Mooring design is a key challenge for floating wave energy systems and is arguably the most vulnerable component. Here we present experimental outputs assessing mooring loads on the M4 multi-float wave energy converter (WEC) moored to a single-point buoy with elastic cables, designed to reduce snap loads. Results are presented for a wide range of irregular sea states, varying significant wave height, wave period and directional spreading. Increasing directional spreading is found to reduce the maximum and standard deviations of the leading mooring line loads by up to 30-40% compared to unidirectional conditions.


Wave energy has the potential to significantly contribute to electricity generation, yet this extensive resource remains largely unexploited due to significant design challenges for wave energy converters (WECs). One of the key challenges is associated with the moorings which need to provide station-keeping without restricting motion – required for energy generation – excessively, and must withstand large unsteady loading. Snap loads in mooring lines in large waves are a particular challenge.

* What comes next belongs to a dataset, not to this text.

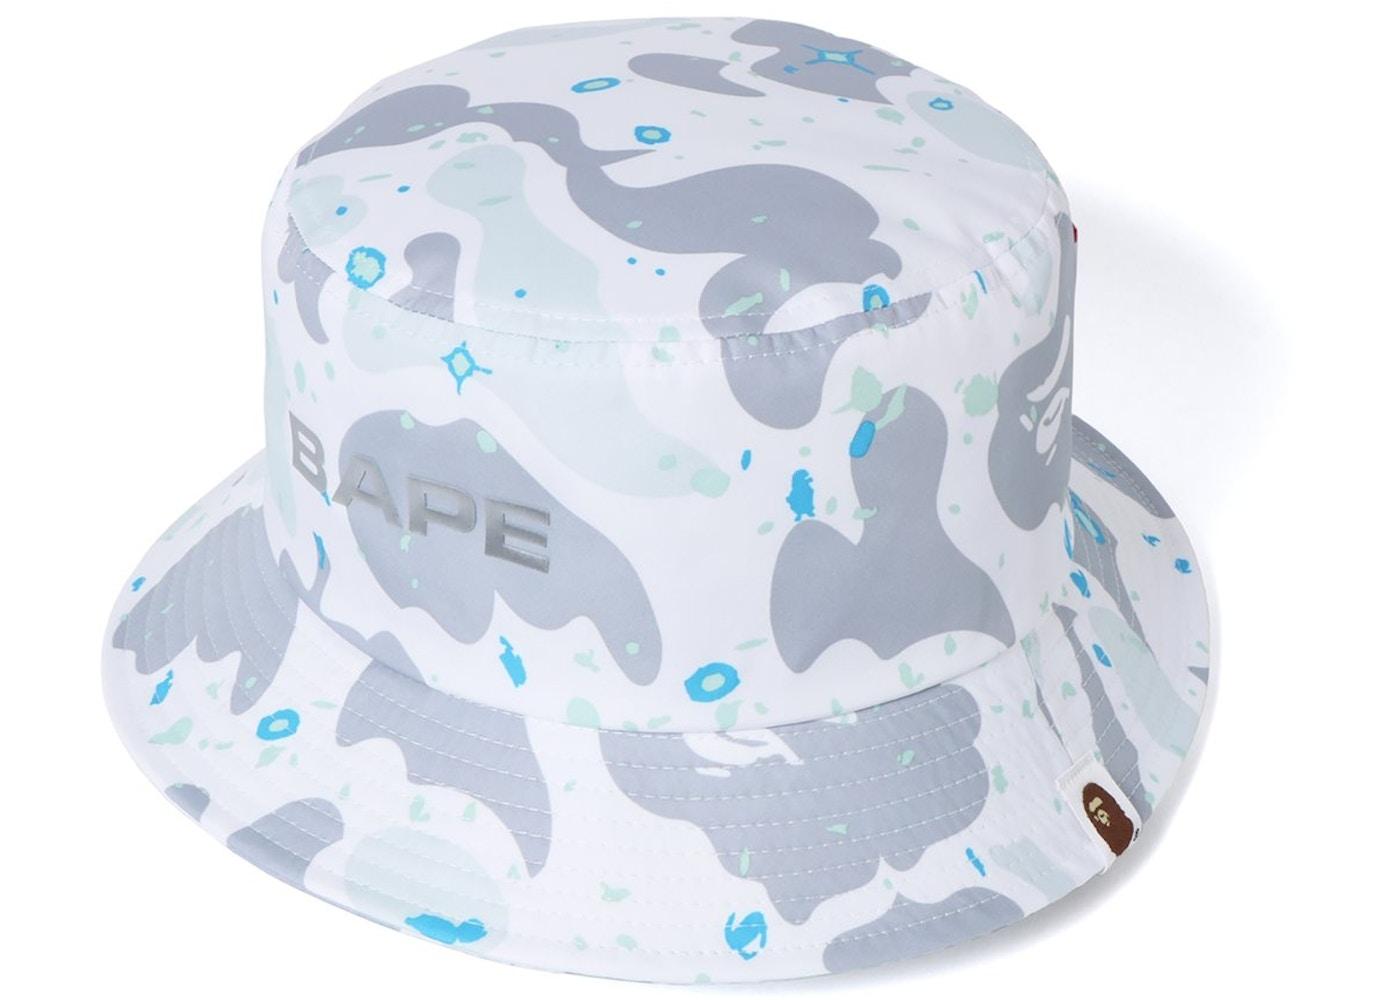 e18afe8ebc893 BAPE Space Camo Bucket Hat White - SS19

In this paper we assess the M4 multi-float WEC which is a hinged attenuator-type wave energy device designed to have similar capacity to offshore wind turbines. Previous experimental data exists for the M4 in unidirectional wave conditions. In Stansby and Carpintero Moreno (2020a) inelastic cables were used, whilst in Stansby et al. (2022b) a single elastic cable was used between a mooring buoy and the bed, with an inelastic cable installed between the mooring buoy and the M4 device. An improved mooring configuration using three solely elastic cables to a single buoy in pre-tension was investigated first, following modelling that suggested peak snap would be considerably reduced (Stansby and Carpintero Moreno 2020b). This was the case and has been further improved with a mooring buoy and an additional submerged buoy (see Figures 1 and 3). The idea is that with submergence the buoy will experience smaller forces and transmit smaller forces to the sea bed and thus to the anchors. This design was also expected to reduce snap loading throughout the mooring system.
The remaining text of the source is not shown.